Ну, и в-третьих, нужно сбыть драгоценности, изъятые у бандитов. Деньги тают, пора пополнить семейный бюджет. К приличному ювелиру соваться стремно, стоит поискать какого-нибудь местного жучилу, готового выложить деньги, не задавая лишних вопросов. Пара мыслей на этот счет у меня есть, но пока не ввяжешься, не поймешь, как это лучше провернуть…
— … Ваше Императорское Величество, светлейший князь Лопухин дожидается в приемной вашей аудиенции.
Николай I поставил резолюцию на прочитанном документе, убрал его в бювар и поднял глаза на флигель-адъютанта.
— Зови. Не стоит мучить пожилого человека долгим ожиданием.
Пока Петр Васильевич старческой, шаркающей походкой заходил в кабинет, а потом долго раскланивался с императором, тот успел взять папку, лежащую на краю стола, и пробежать глазами докладную записку светлейшего князя, чтобы освежить в памяти ее основные пункты. Не сказать, что у Николая предложения председателя Государственного совета вызывали резкое отторжение. Нет. Но… они несколько противоречили первоначальным планам царя. А планы, тем более хорошо обдуманные, он менять не любил.

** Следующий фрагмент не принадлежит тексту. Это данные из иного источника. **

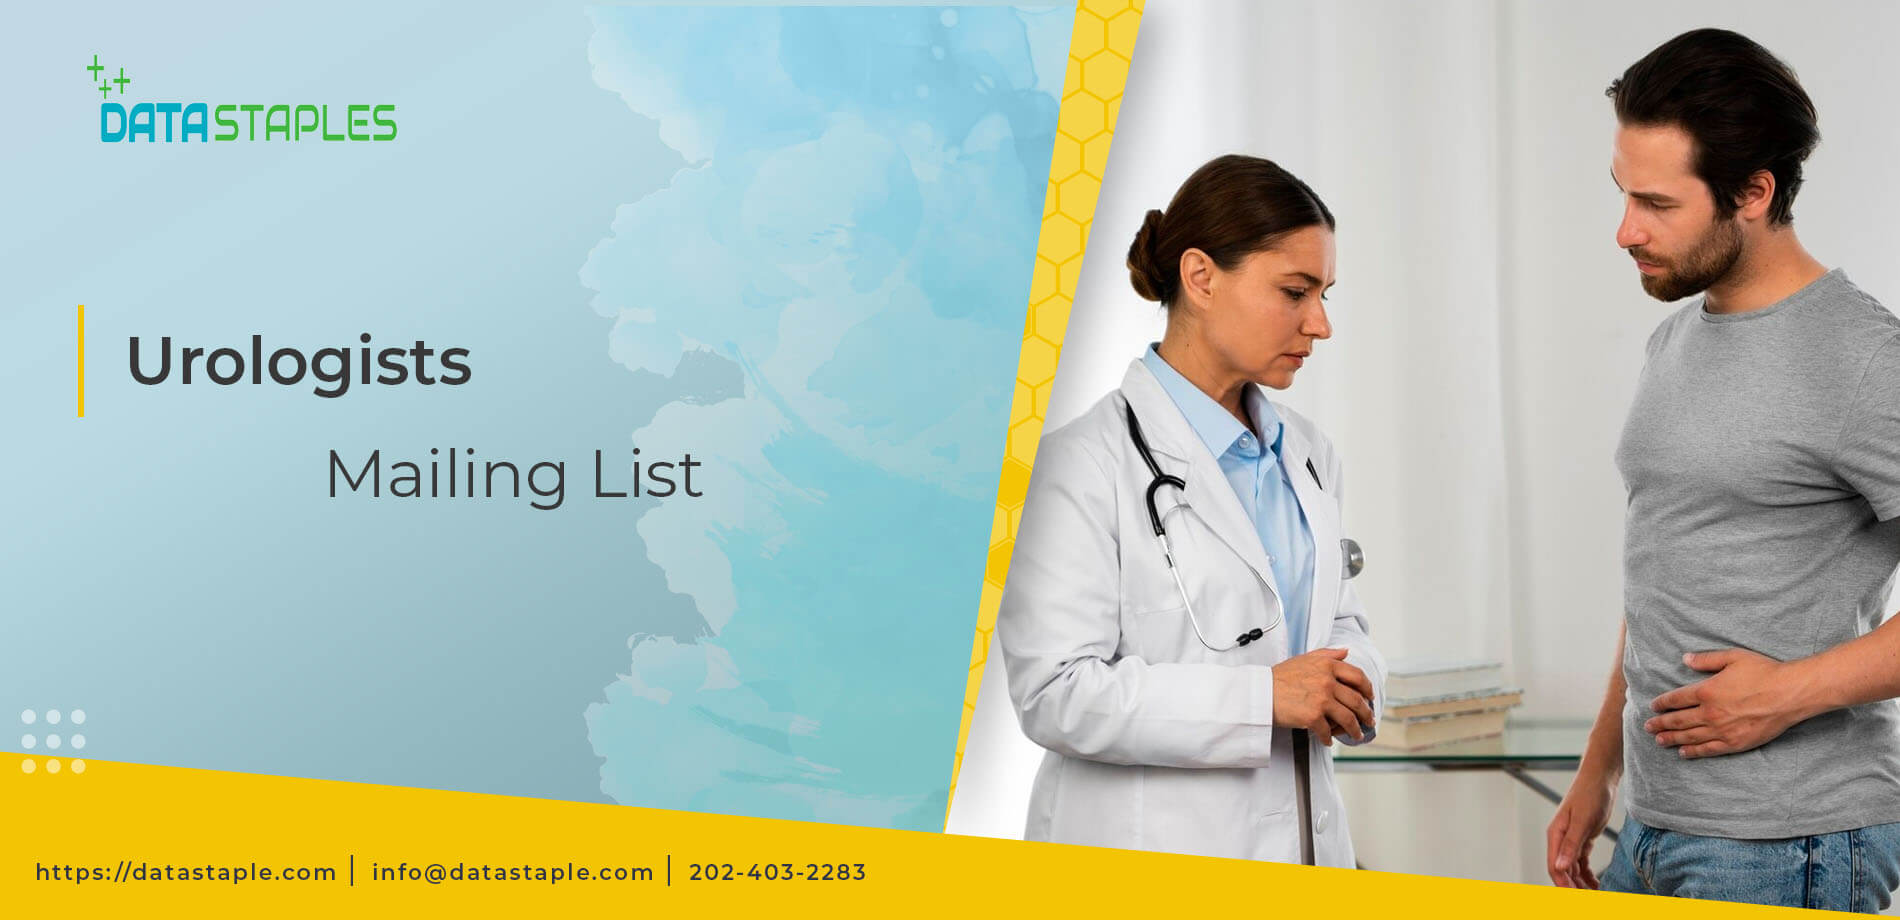 Urologists Mailing List | DataStaples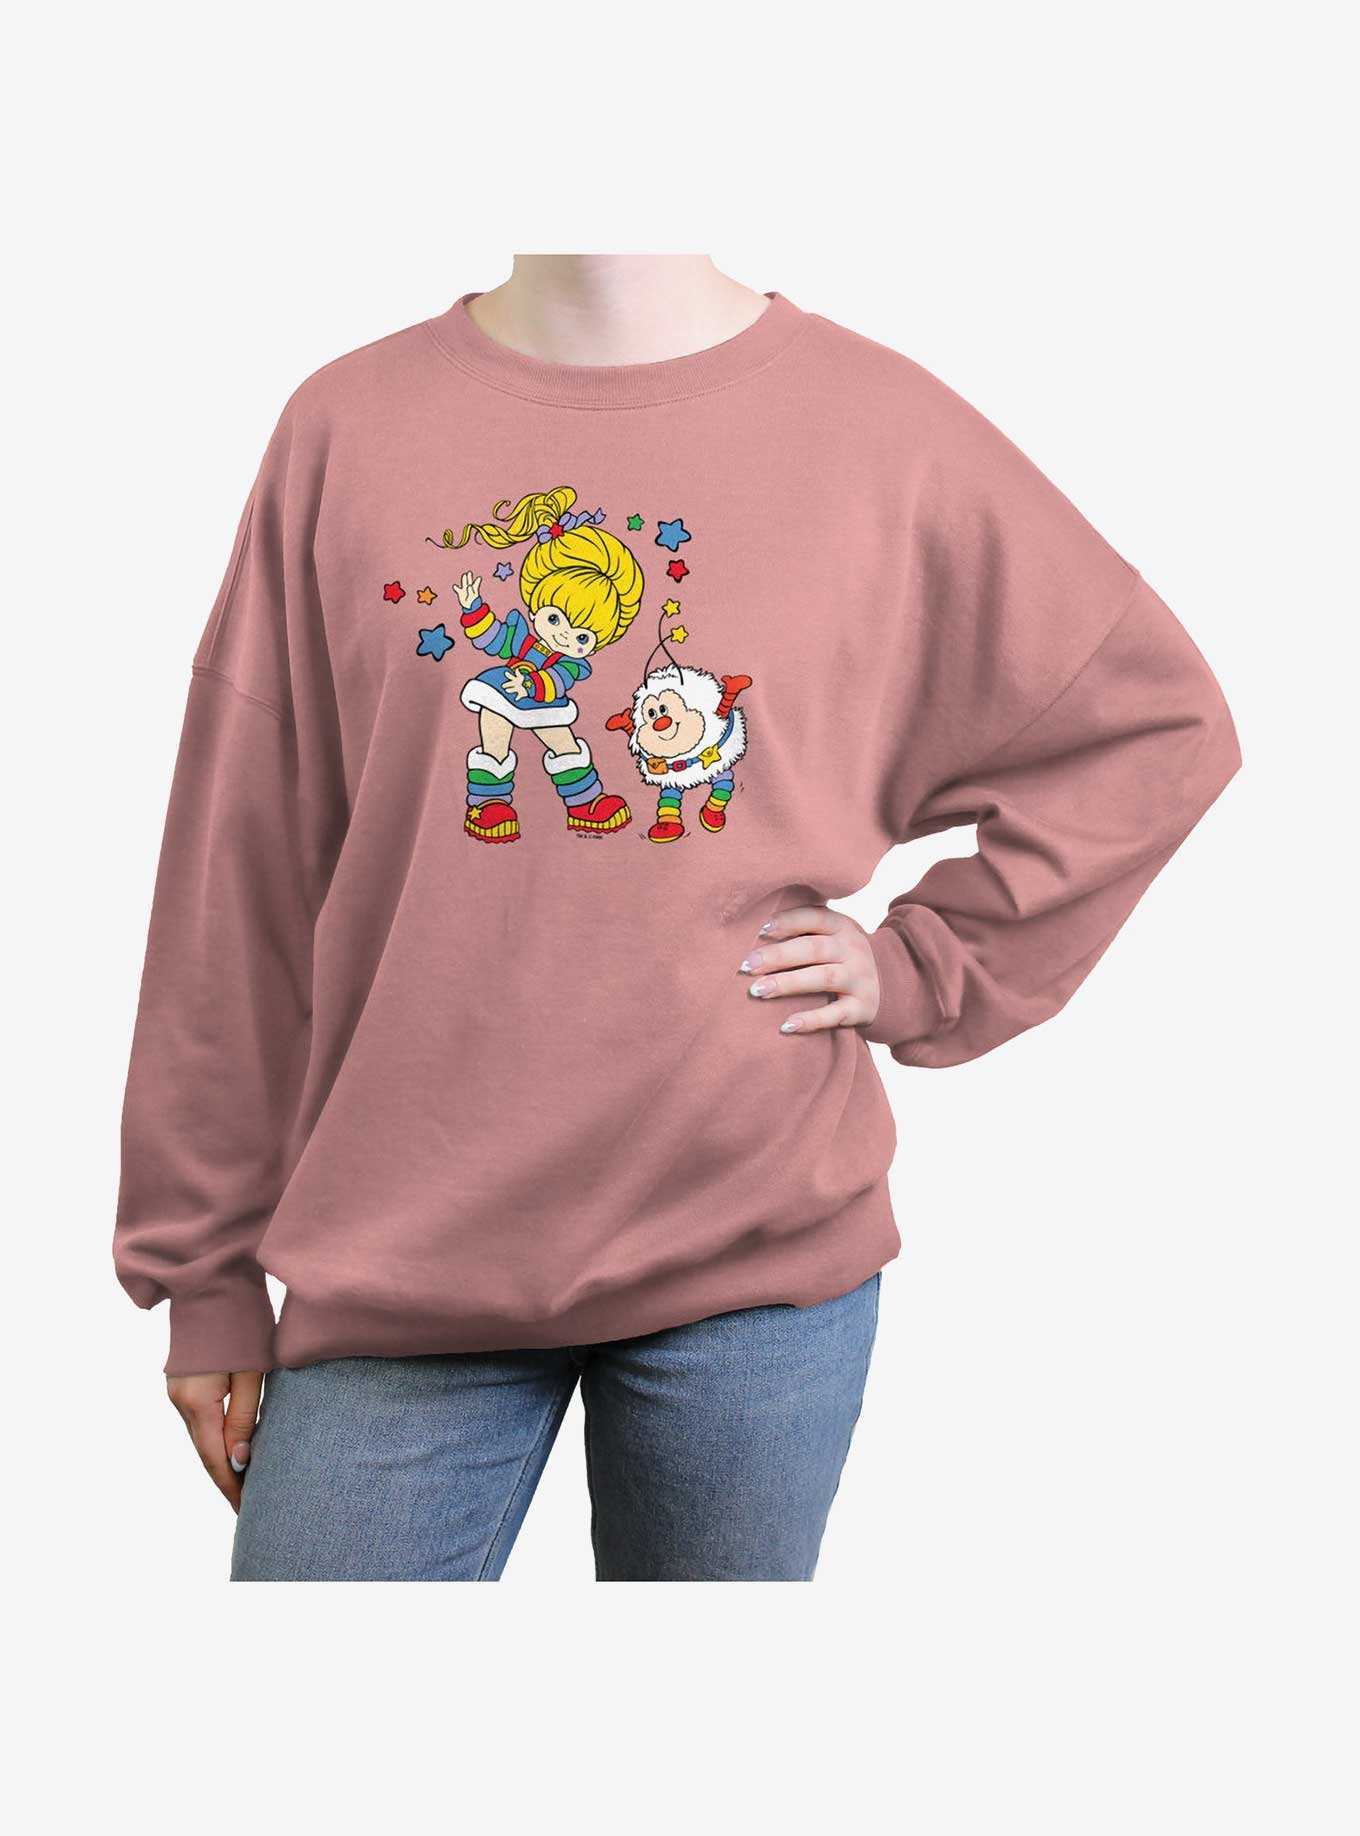 Rainbow Brite and Twink Girls Oversized Sweatshirt, , hi-res

Пригласив Лопухина сесть в кресло рядом со своим рабочим столом, император первым начал непростой разговор
— Петр Васильевич, прочел я вашу записку и, сказать честно, нахожусь сейчас в некотором недоумении. Объясните мне: неужели это так важно, чтобы на коронации присутствовало как можно больше наших подданных из числа русских людей и других коренных народов империи? К чему нам соблюдать излишне строгие пропорции в их представительстве?
Пожилой сановник тяжело вздохнул и полез в карман своего камзола. Вытащил оттуда сложенный вчетверо лист дешевой серой бумаги, разгладил его на колене, удрученно покачал головой, глядя на крупные буквы текста, и с поклоном передал царю.
— Простите, государь, но думаю, вы и сами уже видели такие возмутительные листы — ими сейчас обе столицы наводнены, они чуть ли не в каждом кабаке найдутся. Наверное, Александр Христофорович уже докладывал вам о них.
Николай вчитался в текст, и брови его полезли на лоб от удивления:
'Указ царя Алексея Михайловича от 18 мая 1661 года о том, как относиться на Святой Руси ко всякого рода «блядским детищам»:
'Учали на Москву и во всякие наши царя и великого князя град многие еретики и разные немецкие люди приходити и стали просить они нашея царския службы и мы, государь и великий князь всея России, собрали мы наши архиепископы, епископы, архимандриты и иереи на думу и положили мы о том с думными людьми их блядских детищ, еретиков и всяких немцев на воеводства не посылать и к воеводствам не определять, а быть им блядским детищам только в Москве и записыватися им по черной сотне, а в службу нашу царскую поступать ворам в ратную, и то по нужде.
Дан в Москве, лета от Р.Х. 1661 мая в 18 день. На подлинном печать стоит царская. Указ печатан церковною печатью с оговоркою «Дать только кому надлежит ведать и без нужды хранить в тайне».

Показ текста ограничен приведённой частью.